Does anyone know of a FREE voice trainer that still works? MANGIO do not work anymore

@JT-qi6el 5 ай бұрын

how to train different languages?

@mallu_bot50 5 ай бұрын

Can you please explain and how to do with bark and openvoice 2. Because it's easy to install using pinokio ai browser

@hansmarder7007 5 ай бұрын

Great Video. I have a question about your Presentations (TTS/TTS2). Can i Clone a voice which speaks in French, and use this trained model speak a text in Portuguese?

@Jarods_Journey 5 ай бұрын

Eh, kind of. You could train a portugese model, then use the reference audio of the speaker in French, though, the results won't be convincing if we base it off of the zero-shot capabilities shown in the video.

@i6od 5 ай бұрын

I cant seem to install espeak for phonemizer, any links or direction would be helpful :)

@i6od 5 ай бұрын

nvm i figured it out

@HogwartsStudy 5 ай бұрын

now... is there a local install for Suno Ai?

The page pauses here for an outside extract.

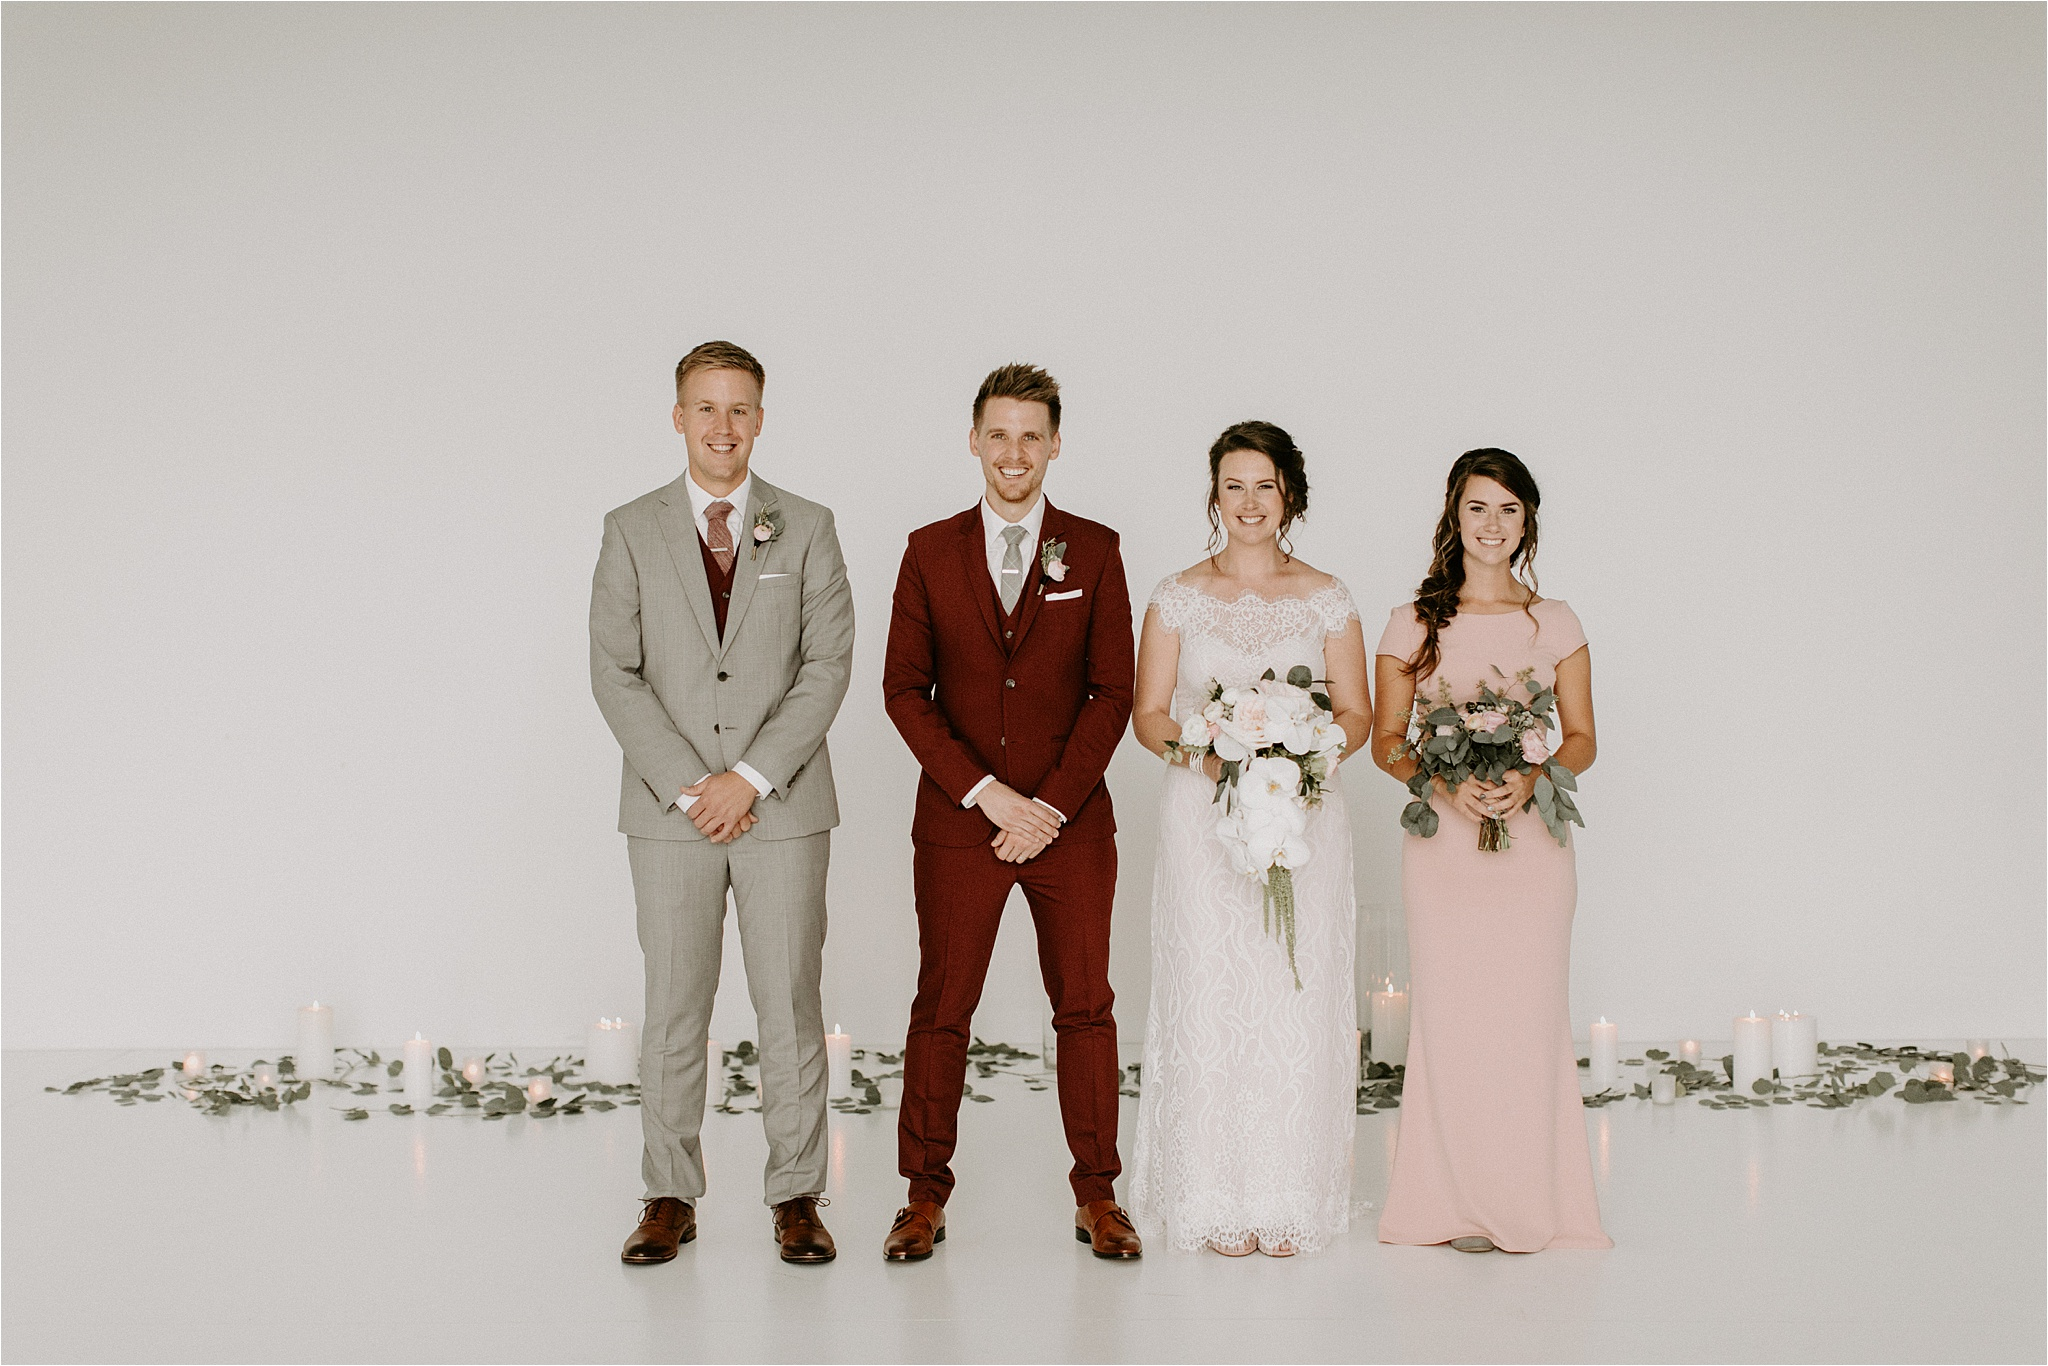 Renee_+_Dustin_-_Supply_Wedding-_0079.jpg

@Jarods_Journey 5 ай бұрын

Unfortunately, not at the quality of Suno, will definetely make a video on that if one does get released though

@HogwartsStudy 5 ай бұрын

@@Jarods_Journey doubtful now that there is the lawsuit.....

@Tungdang-tv7sd 5 ай бұрын

Can I use Model .pth file independently on linux application? If so, please make a video tutorial about this. Thanks for your sharing

@Jarods_Journey 5 ай бұрын

Yes, styletts2 was designed for linux, so following their repository should be a simpler set-up than trying to get it working on windows.

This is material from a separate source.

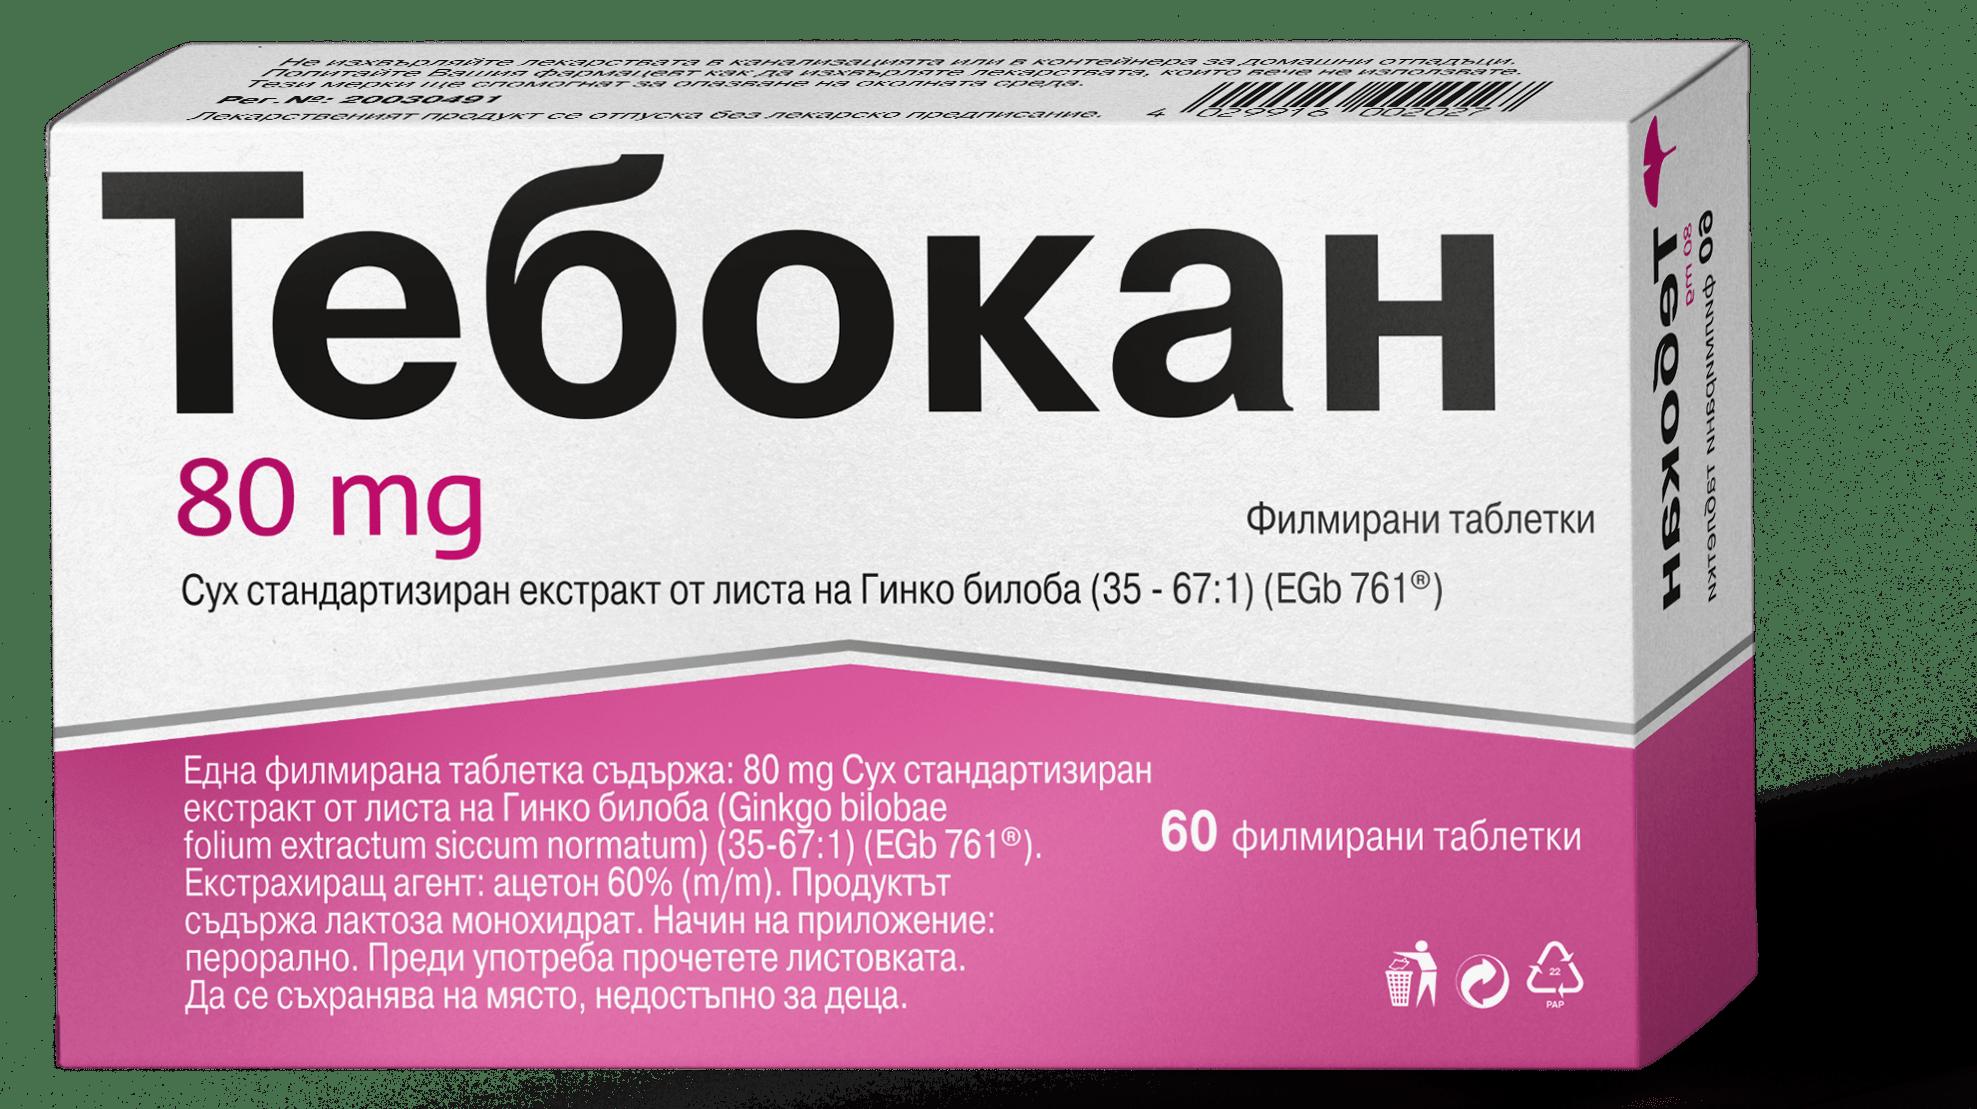 Тебокан 80 mg таблетки

@ph0enixph0enix65 5 ай бұрын

Will it work for german? I tried with like 50 hours of clear german voice dataset with Tortiose TTS but for the sake of my life I could not get to produce a german voice which does not sound like Shodan.

@Jarods_Journey 5 ай бұрын

StyleTTS is a bit more complicated than tortoise for training other languages, but yes, it looks to be possible. The author provides some guidance on how this might be done, but that is an area of exploration I have not yet gone down

@SyntheticVoices 5 ай бұрын

Yes it does even for fine-tuning.

@maskenhandler1648 4 ай бұрын

i want something so i can read webnovels any ideas guys? should i use a normal text to speech . or text to speach ai? i dont know... i want it to sound as realisticly as possible . with emotions and such

@FenrirRobu 5 ай бұрын

Isn't that why we already have sidharthrajaram for StyleTTS2 to be installable?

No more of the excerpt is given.